Since I haven’t found any source referring to different types of learning for labour and materials for the case of Boeing, I made the same simplification that professor Benkard does in his paper (emphasis is mine):
“If the Leontieff assumption in equation (2) were relaxed and instead production was assumed to be Cobb-Douglas in all inputs, the production only at the unit level would imply a labor-requirements equation similar to (4) with the addition of both the wage rate and materials prices […]”.
If this assumption was optimistic or if the learning related to the materials production was capitalized mainly by Boeing’s suppliers and not by Boeing itself, this would only make the cash flow profile worse and delay the break even date.
Finally, Garry Reinhardt in the comments section to my post asked:
“[…] is Boeing profit, going forward, being decreased or increased by each 787 delivered? And if it’s negative now, when will it reach zero (leaving out the previously paid for expenses)?”

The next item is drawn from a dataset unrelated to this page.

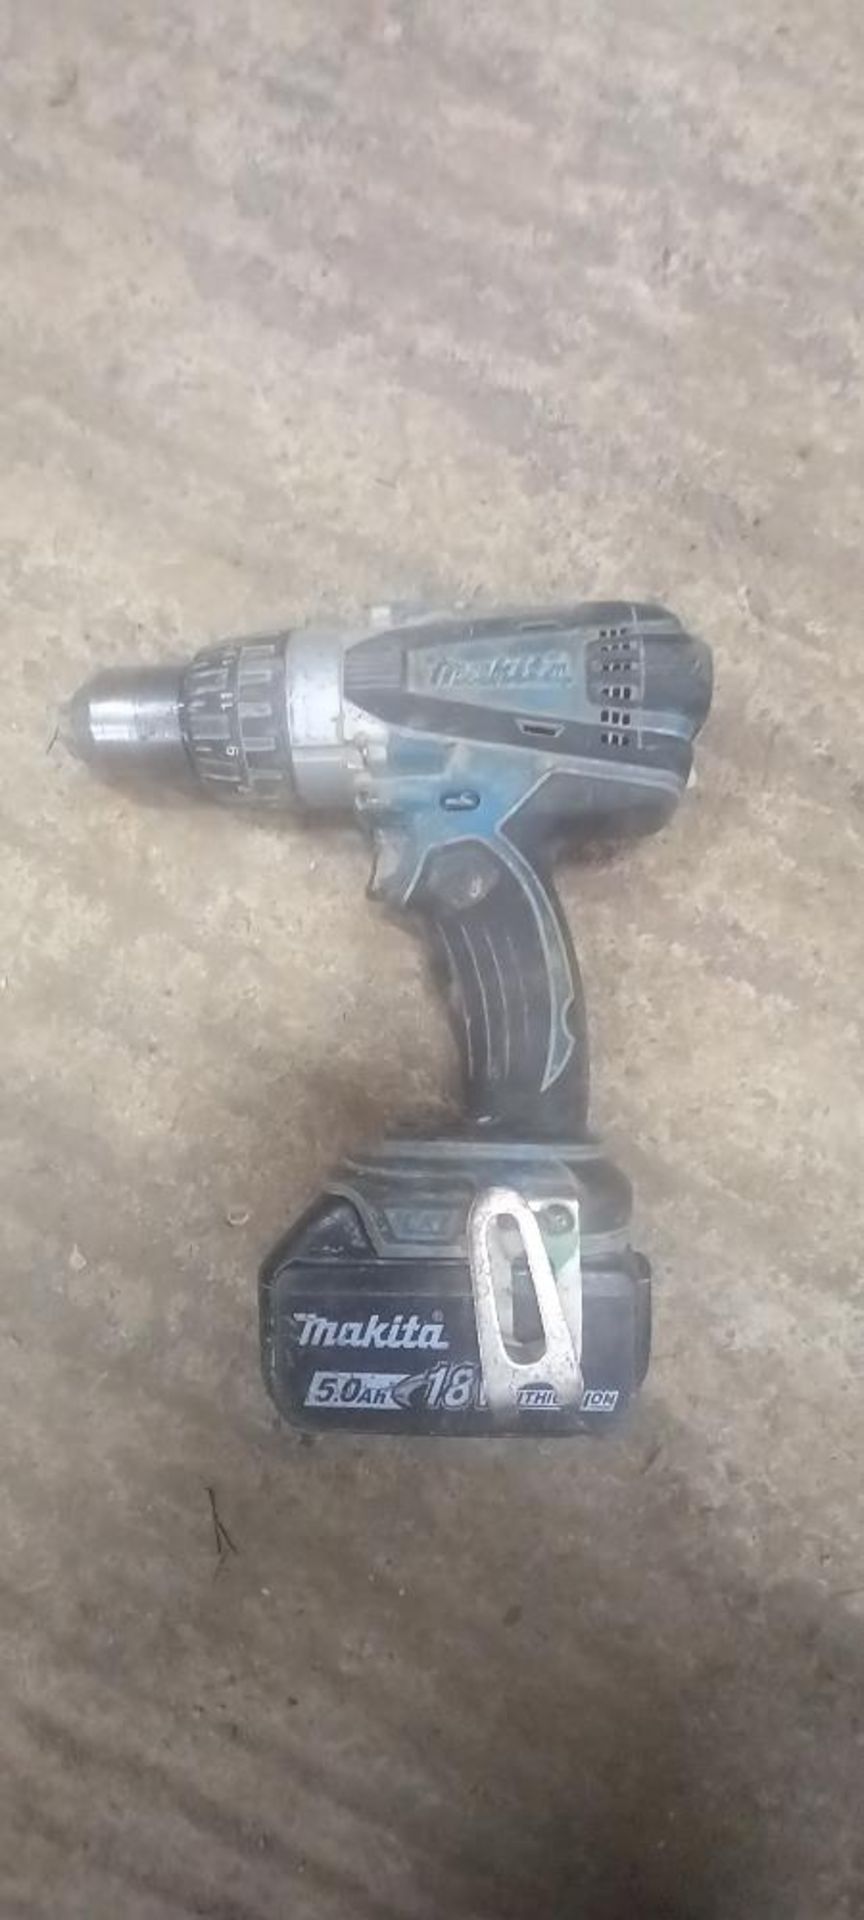 Makita DLX2145TJ 18v Cordless Drill Kit - Image 2 of 5

I do not give stock recommendations. Anyway, this cash flow analysis shows that most of the cash outflows that make the case of the 787 (viewed in isolation) such difficult, were made in the past years and didn’t derailed Boeing then. The 787 development was supported by other Boeing programs. From now on what is missing is that unit production cash outflows are lower than cash inflows related to deliveries (penalties not taken into account), and that is something that should happen at sometime between 2014 and 2016, depending on the learning curve that Boeing achieves. Nevertheless, whether this is something already reflected or not in current Boeing price share, and whether this price is cheap enough or not is left to the individual investor.
Finally, thanks again for all your feedback, comments, criticism and especially to Scott Hamilton for his linking the post so that I could get more feedback.